Dataset entries>
+--

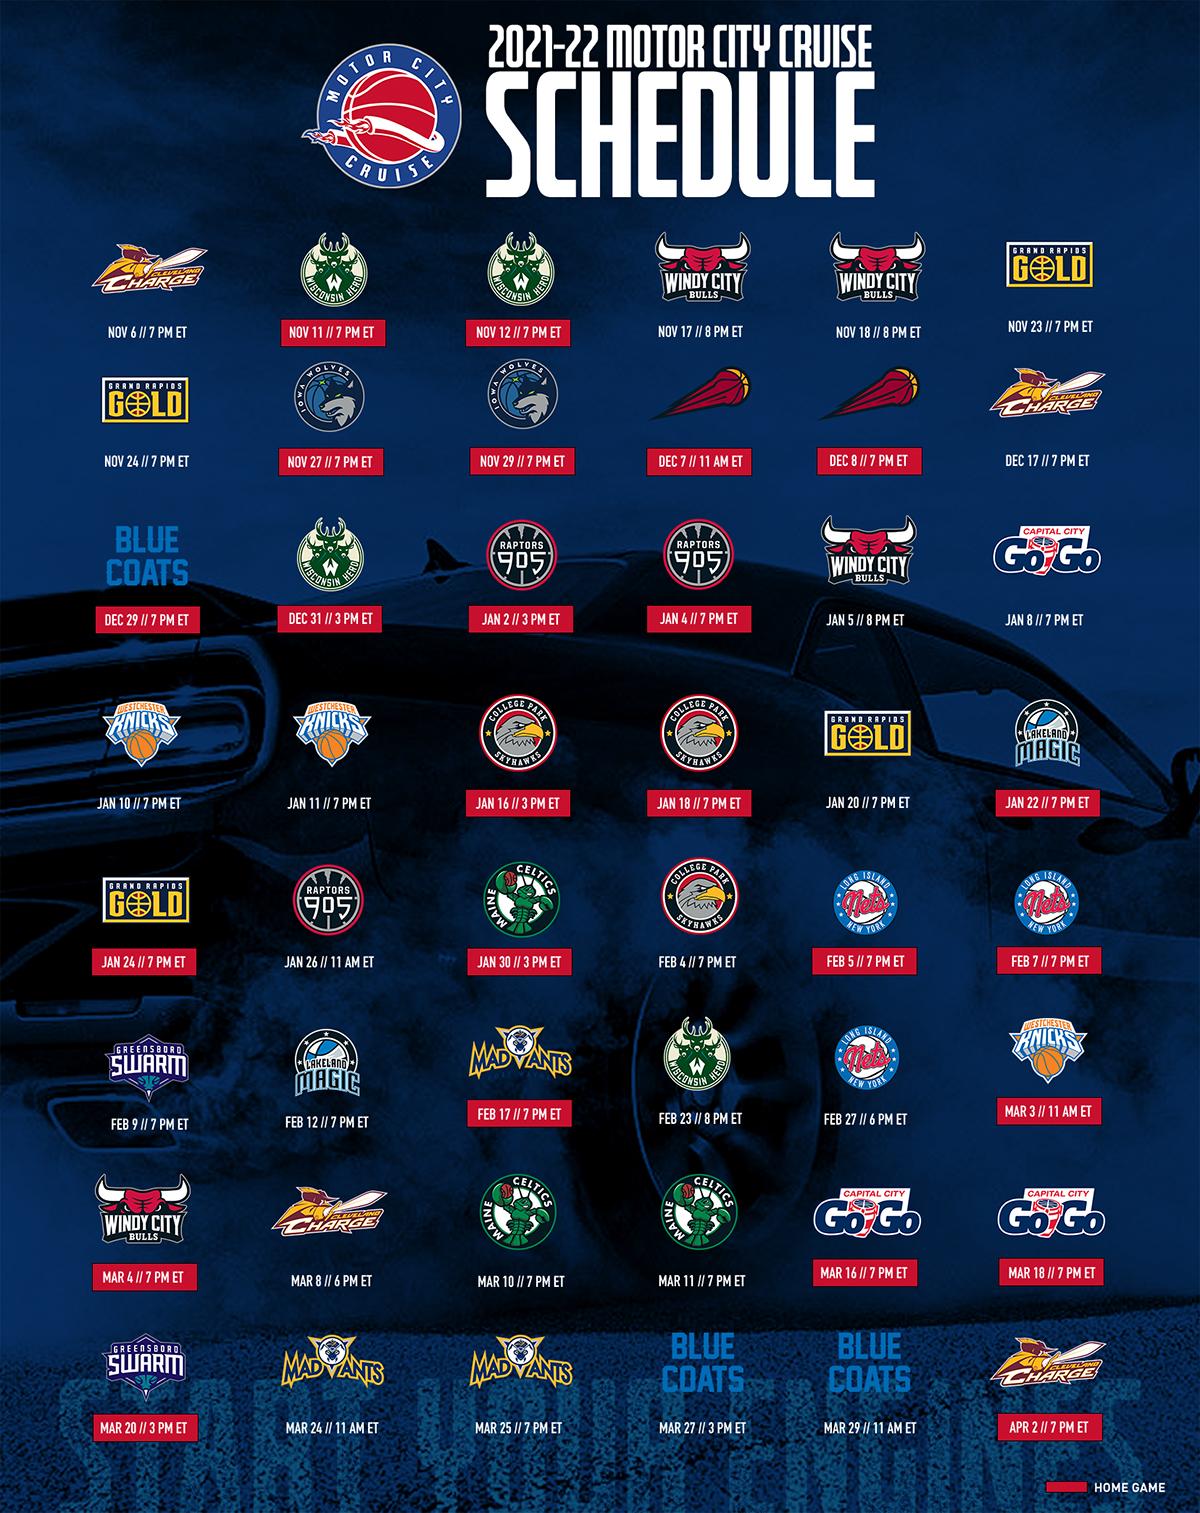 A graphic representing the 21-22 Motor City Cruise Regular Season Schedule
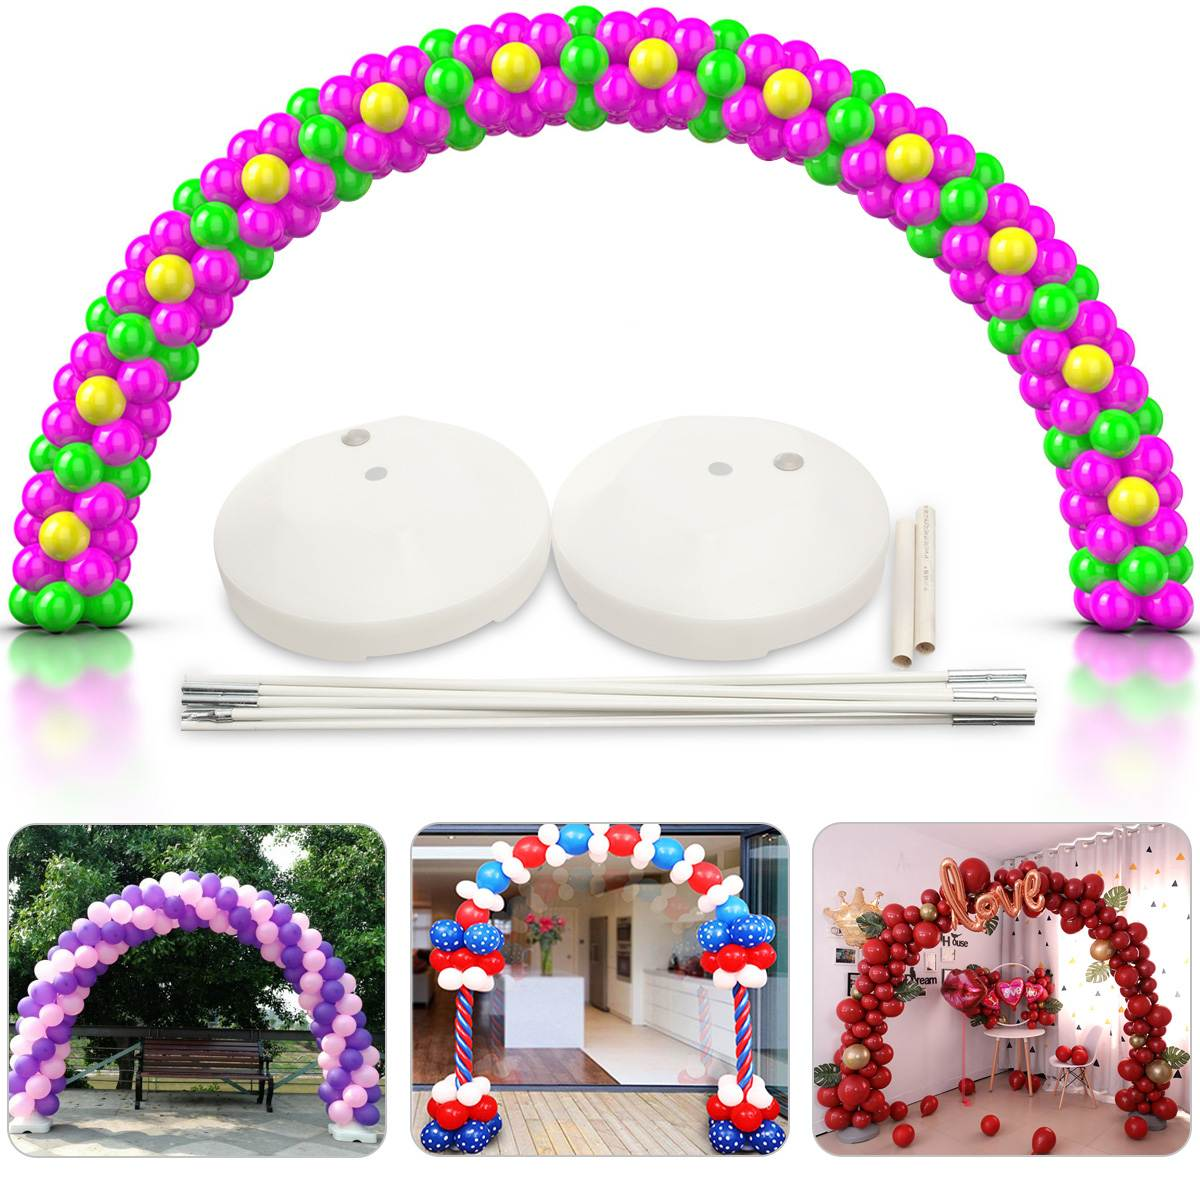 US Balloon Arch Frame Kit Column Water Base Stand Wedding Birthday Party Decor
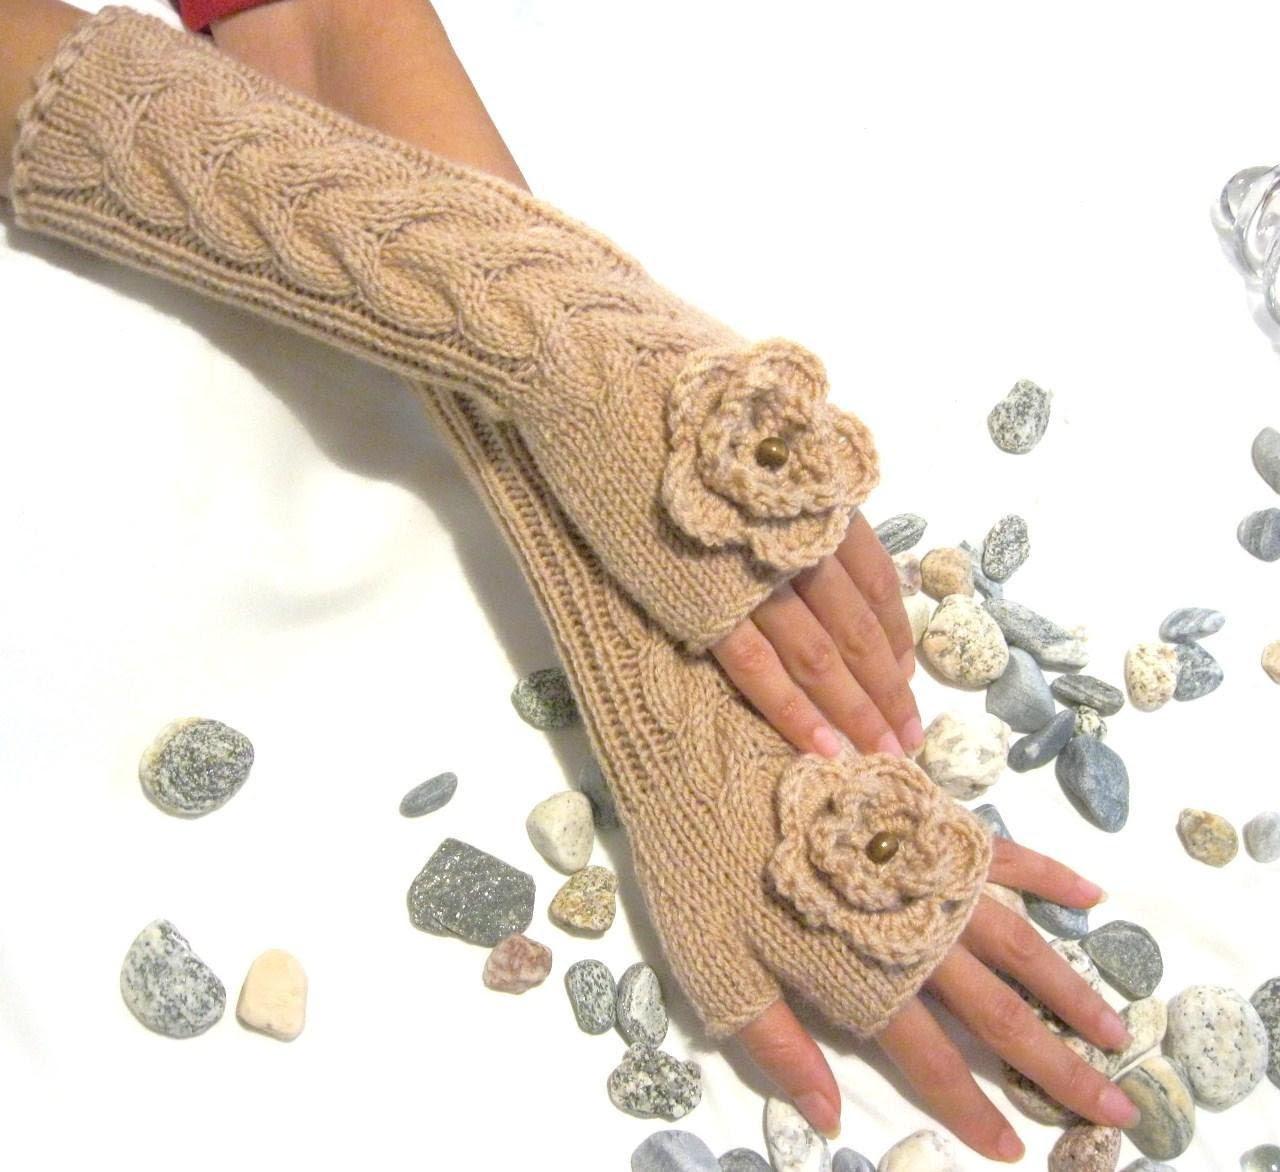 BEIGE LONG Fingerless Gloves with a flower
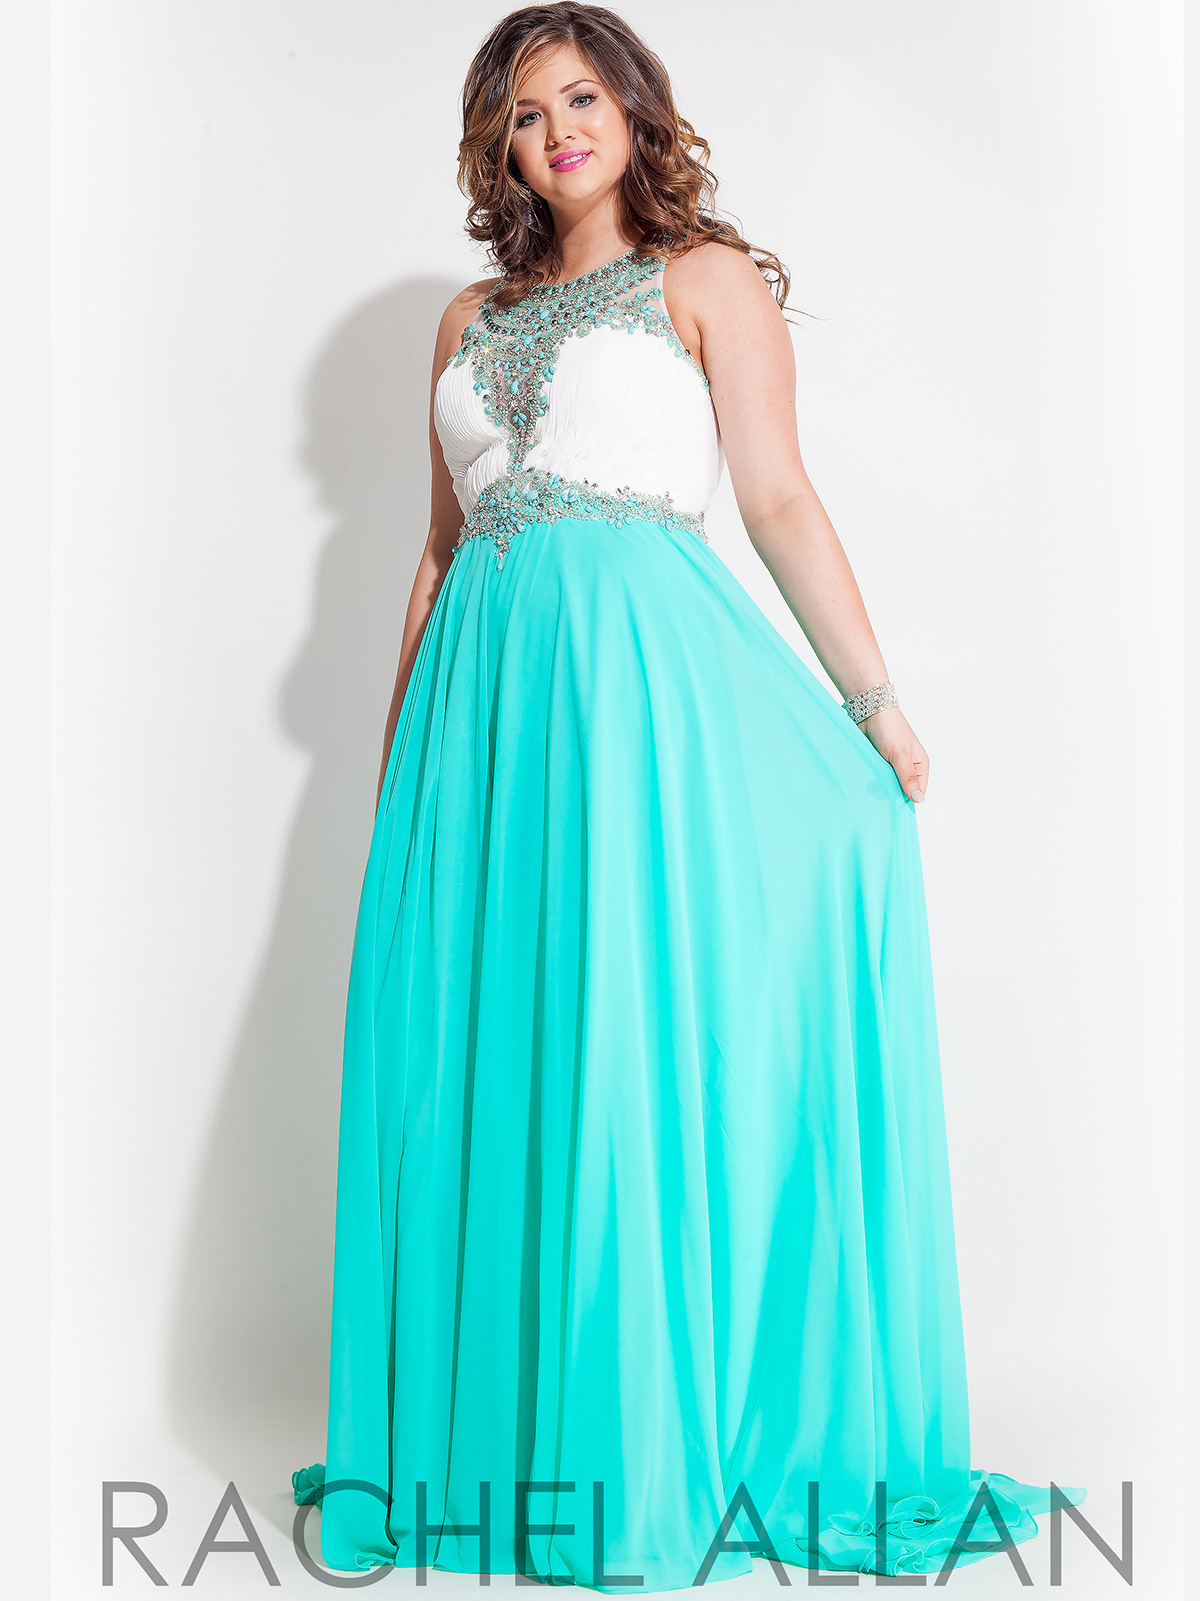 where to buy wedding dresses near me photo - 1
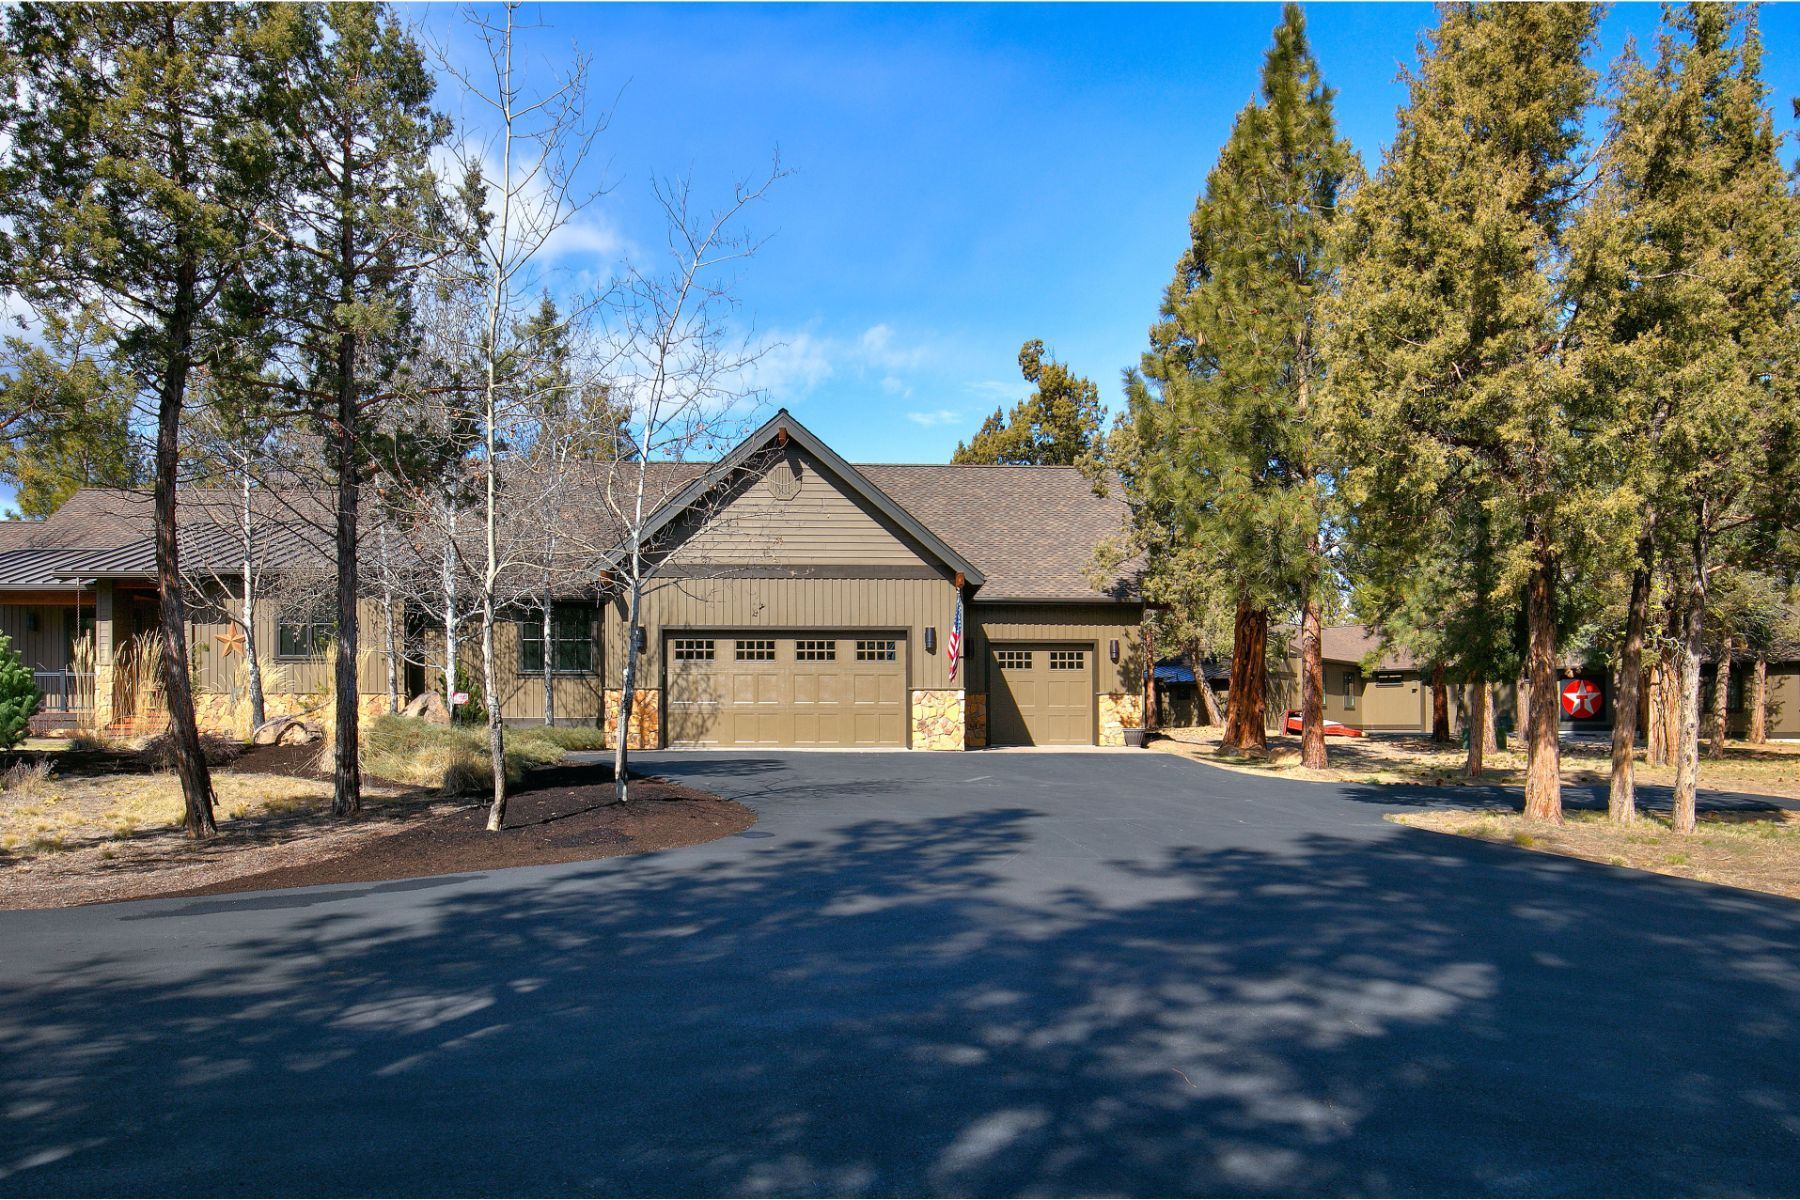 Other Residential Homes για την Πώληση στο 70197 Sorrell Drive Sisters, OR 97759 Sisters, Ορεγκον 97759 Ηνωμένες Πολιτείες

+--

Exercise brief> Output the span from the line with "where to buy" through the last line of the data, inclusive and exact, and omit every picture.

Written solution>
 where to buy wedding dresses near me photo - 1
 Other Residential Homes για την Πώληση στο 70197 Sorrell Drive Sisters, OR 97759 Sisters, Ορεγκον 97759 Ηνωμένες Πολιτείες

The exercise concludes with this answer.